Question

A track has two inclined surface $AB$ and $DC$ each of length $3m$ and angle of inclination of ${30}^{\circ }$ with the horizontal and a central horizontal part of length $4m$ as shown in figure. A block of mass $0.2kg$ slides from rest from point $A$. The inclined surfaces are frictionless. If the coefficient of friction between the block and the horizontal flat surface is $0.2$, where will the block finally come to rest? [in ${10}^{-1}m]$

• A. $0.5m$ away from point $B$
• B. $3.5m$ away from point $B$
• C. $0.5m$ away from point $C$
• D. $1.5m$ away from point $C$

Answer 1

The correct option is A $0.5m$ away from point $B$

At point $A$, the energy of the block is entirely potential $=mgh$,

where $h$ is the height of $A$ above the horizontal surface $=AB\sin \theta =3m\times \sin {30}^{\circ }=1.5m$.

When the block is released, it reaches point $B$ where the entire potential energy is converted into kinetic energy.
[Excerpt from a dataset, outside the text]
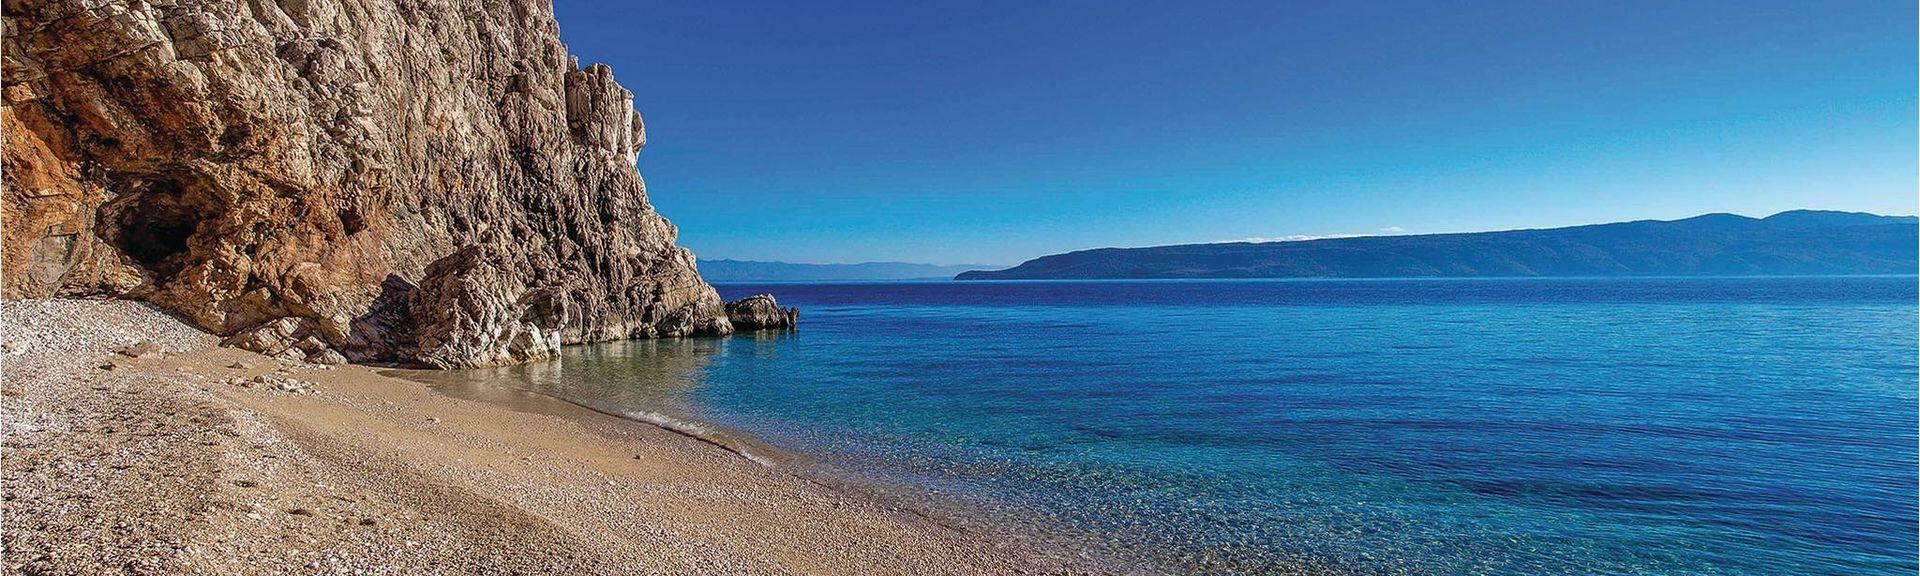 Krsan, Istrië (provincie), Kroatië

It will, move on track $BC$. On reaching $C$, it will rise on the surface $CD$ to a point $E$ and will then return to $C$ moving towards $B$ and the process goes on until the block loses all its energy and comes to rest.
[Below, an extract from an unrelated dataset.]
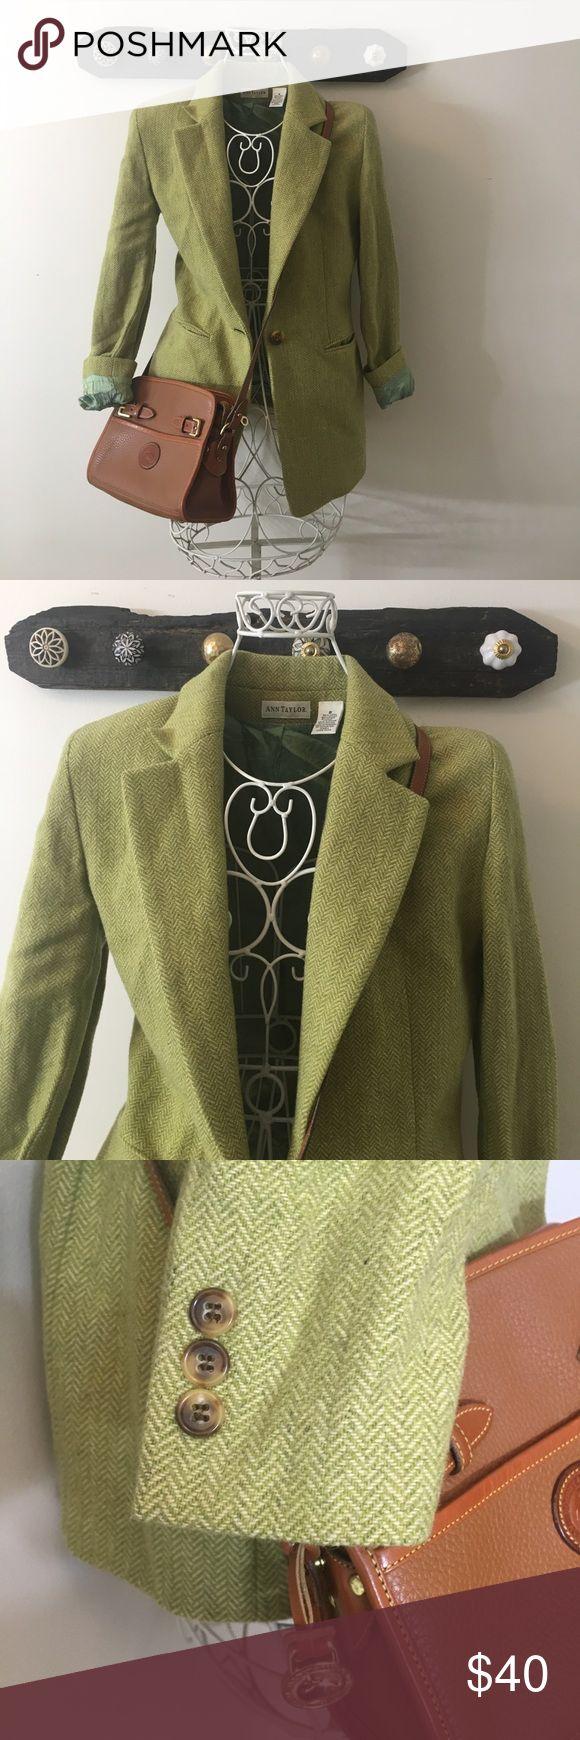 Ann Taylor Wool Blazer Gorgeous Chartreuse Green will Blazer by Ann Taylor. Lining is mint green and 💯 silk. Gorgeous Blazer for fall 2017! Ann Taylor Jackets & Coats Blazers

The body loses energy while moving on the horizontal part $BC$ of the track. If $s$ is the total distantance travelled on the horizontal part, the work done against friction is
$W=\mu R\times s=\mu mgs$.

From the principle of conservation of energy,

we have $mgh=\mu mgs$
$s=\frac{h}{\mu }=\frac{1.5m}{0.2}=7.5m=750\times {10}^{-2}m$

i.e., the block travels a total distance of $7.5m$ on the horizontal track $BC$ before coming to rest, starting from $B$. It travels $4m$ from $B$ to $C$ and $3.5m$ from $C$ to a point $P$ where it comes to rest. Hence the block comes to rest at point $P$ at a distance of $0.5m$ from $B$.